→ **SUPPLIED DATA**
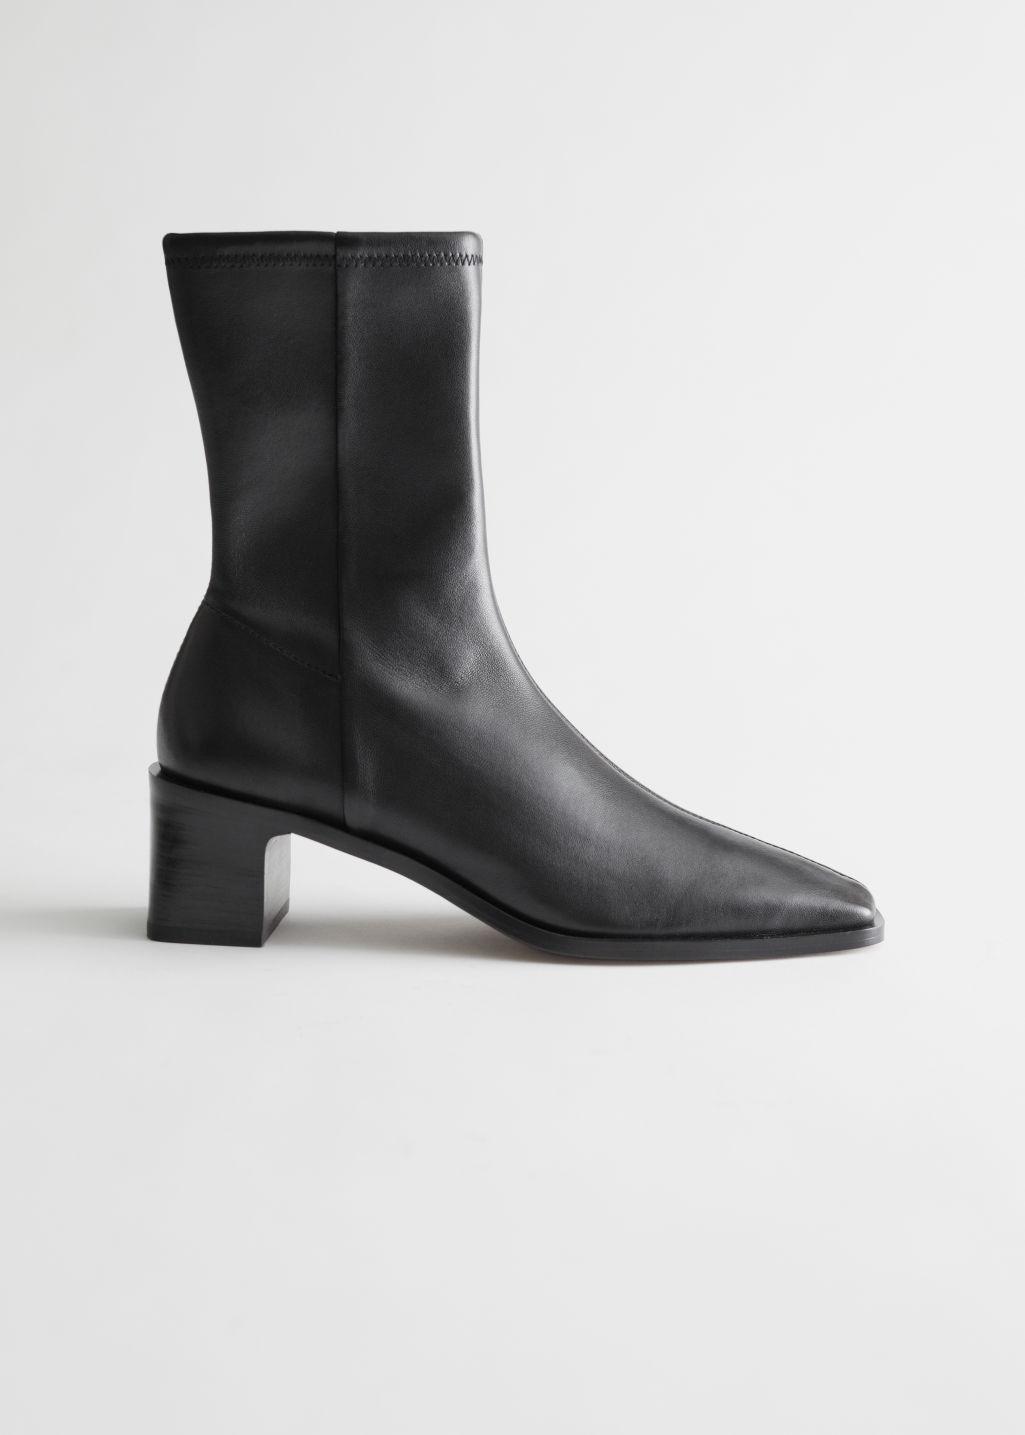 & Other Stories Squared Toe Leather Sock Boots in Black | Lyst
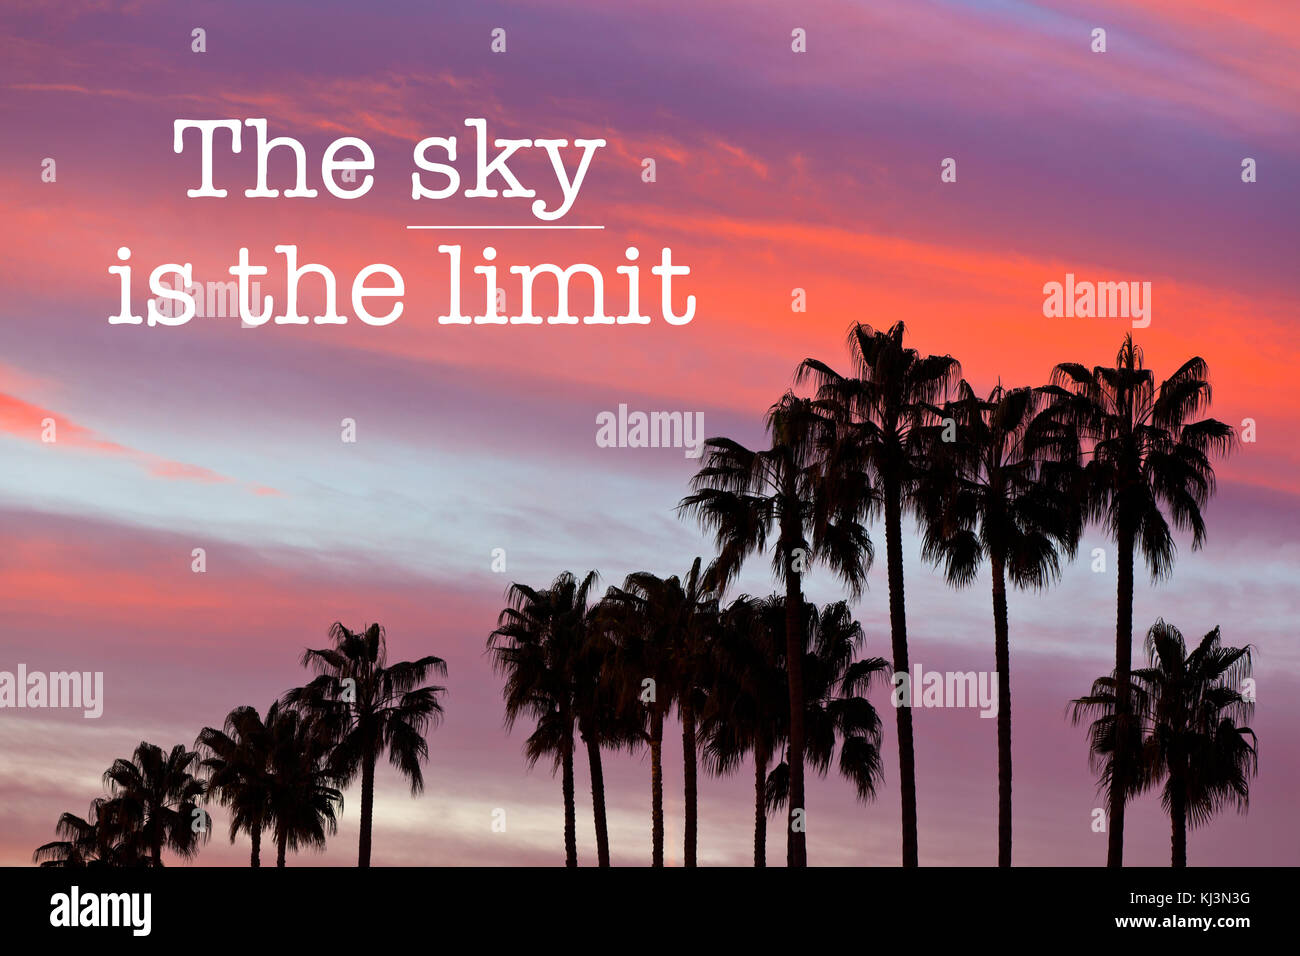 sky is the limit quote
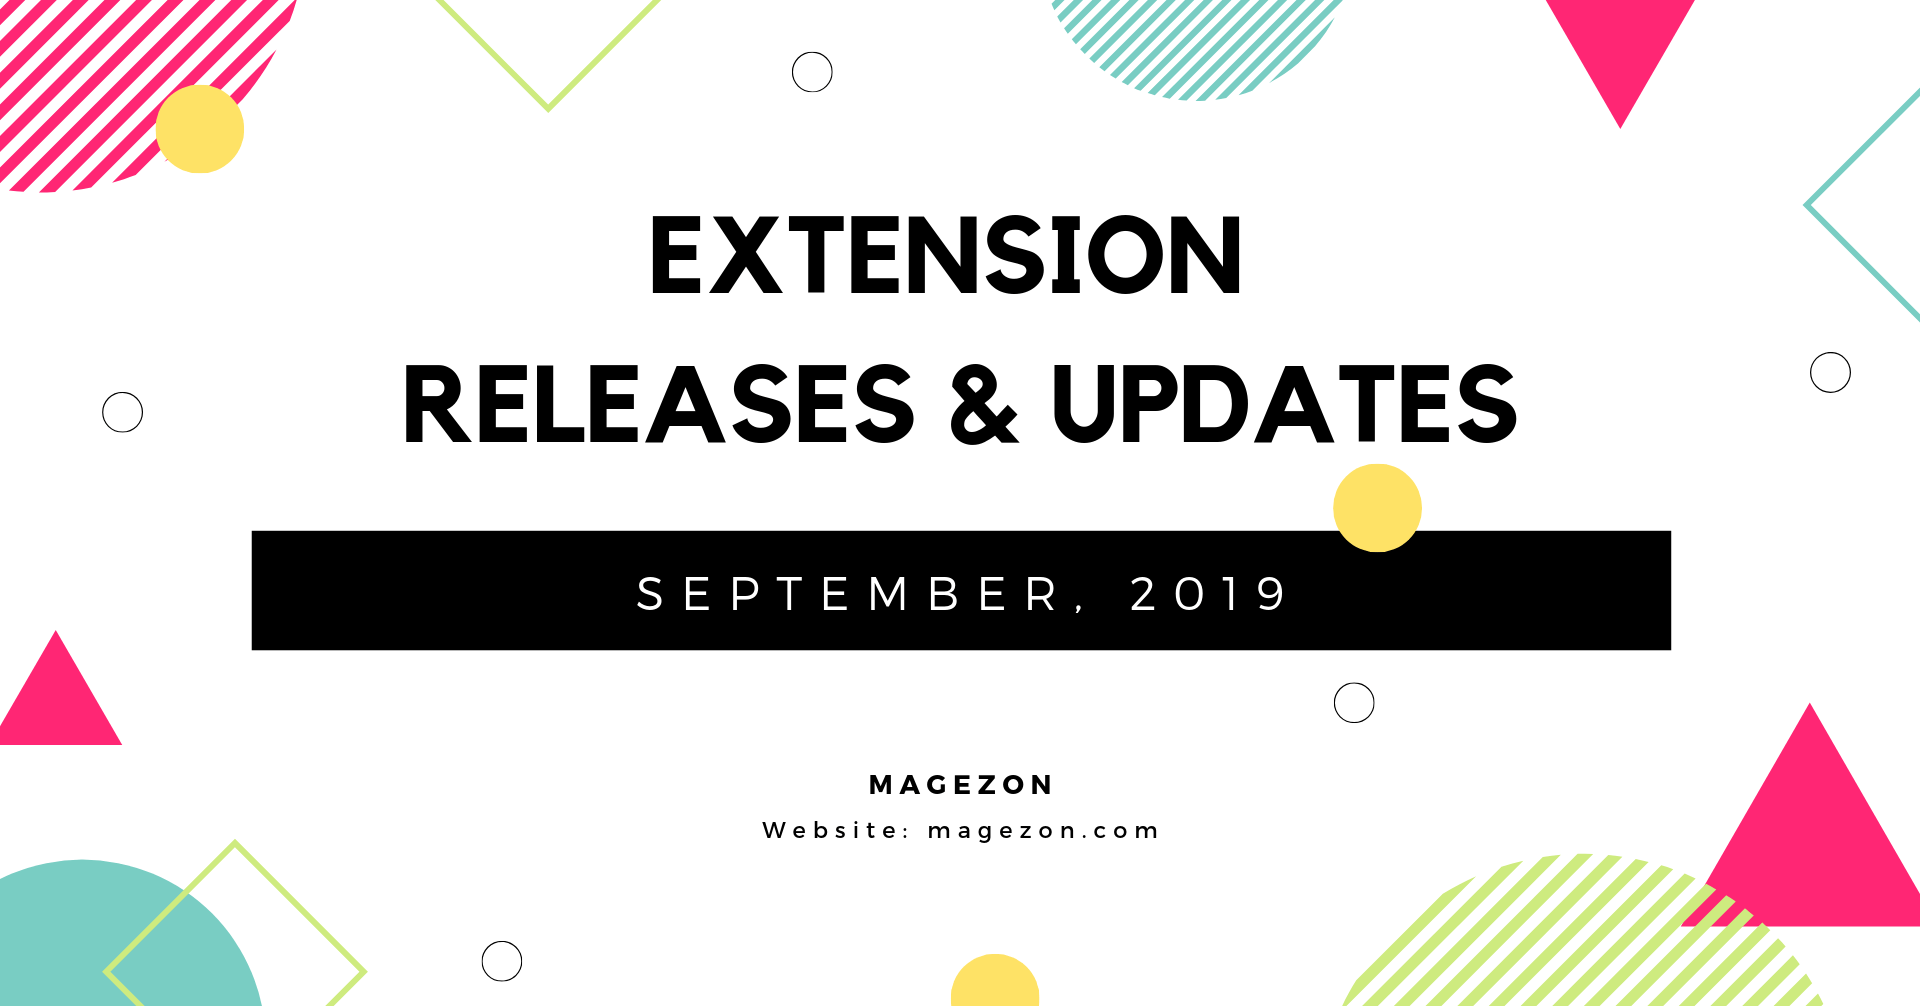 September 2019: Magezon Extension Releases and Updates
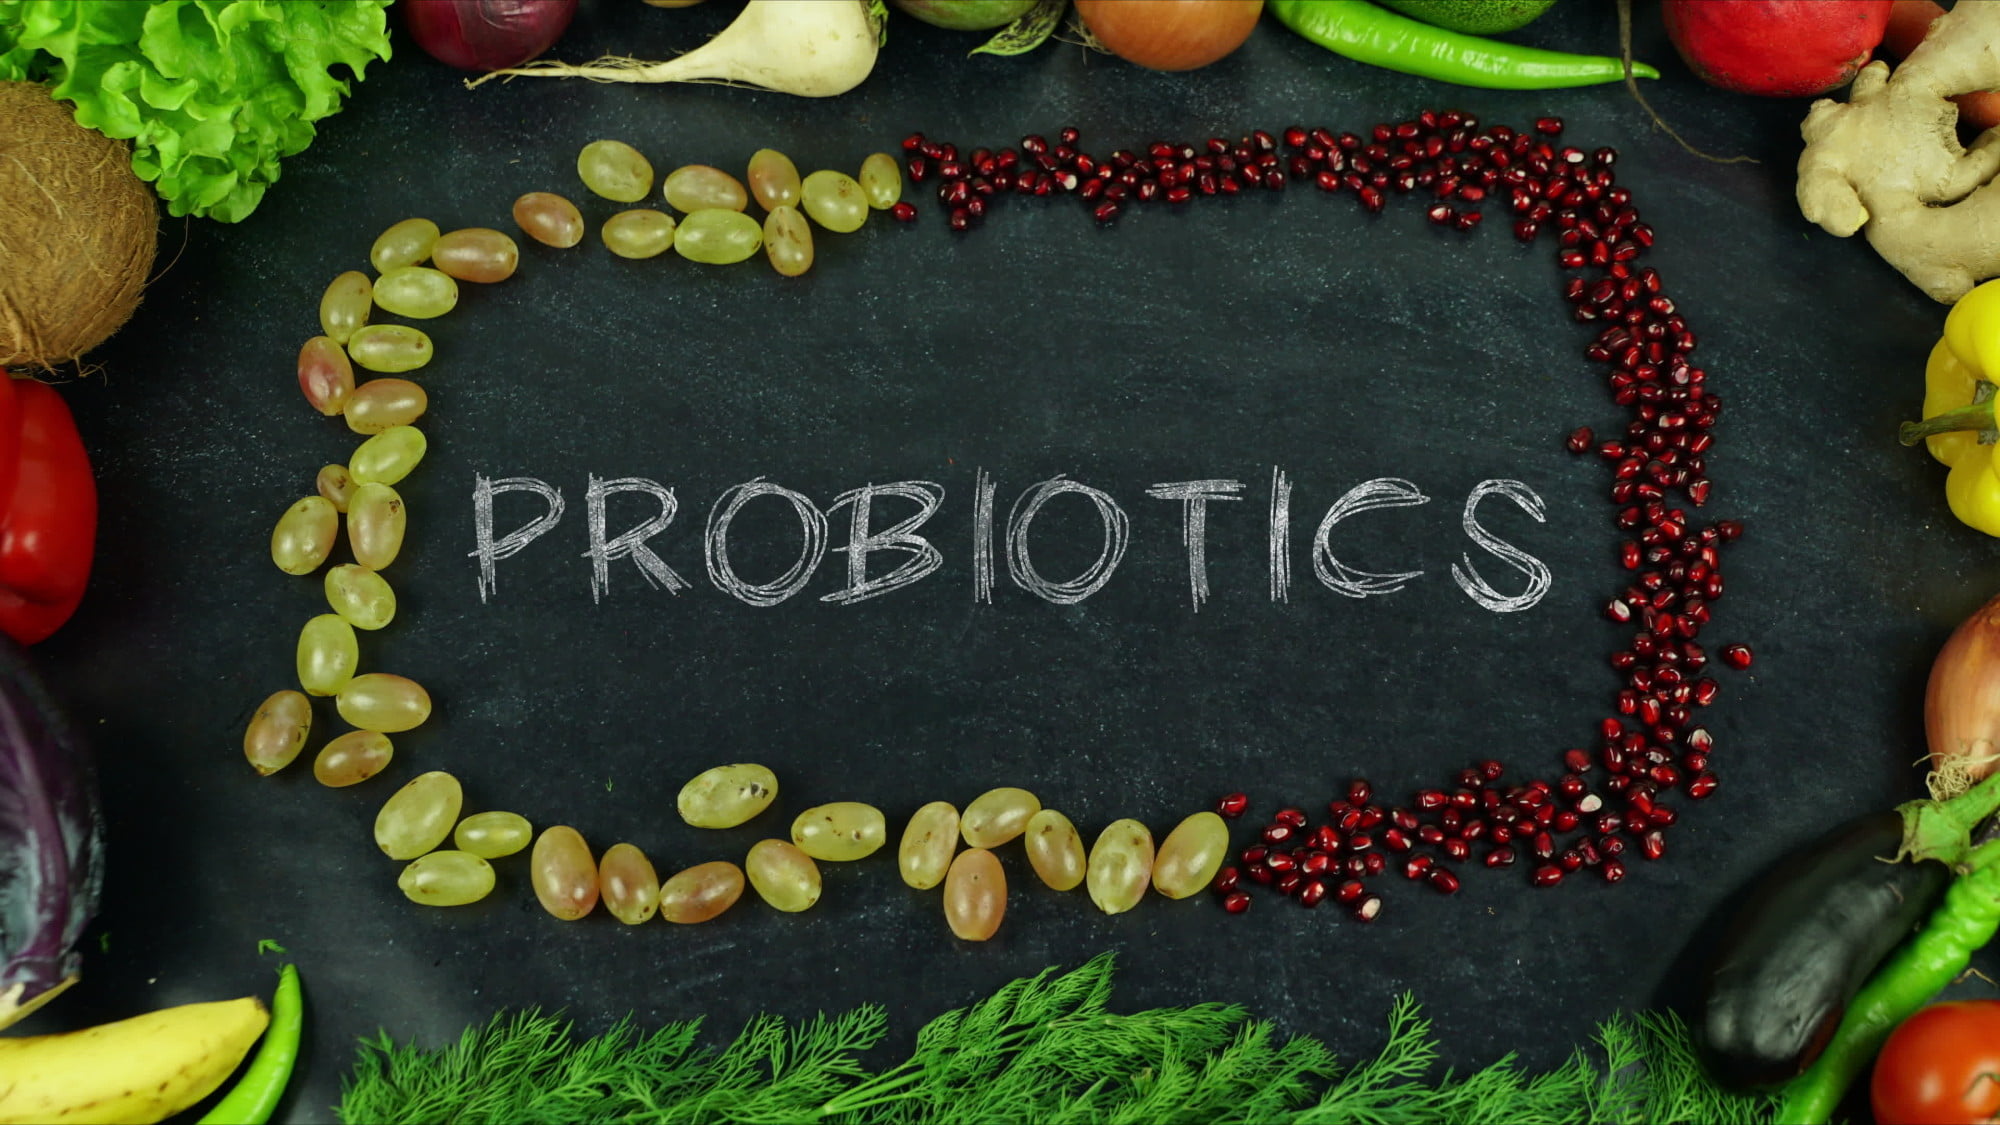 Many people are unaware of the exponential benefits of probiotics. Click here to learn how they can improve your digestion, immunity, and more.

→ **WORK REQUEST**
Where a picture appears in the listing above, skip it and set down all the rest exactly.

→ **ANSWER TO THE EXERCISE**
 & Other Stories Squared Toe Leather Sock Boots in Black | Lyst
 sky is the limit quote
 September 2019: Magezon Extension Releases and Updates
 Many people are unaware of the exponential benefits of probiotics. Click here to learn how they can improve your digestion, immunity, and more.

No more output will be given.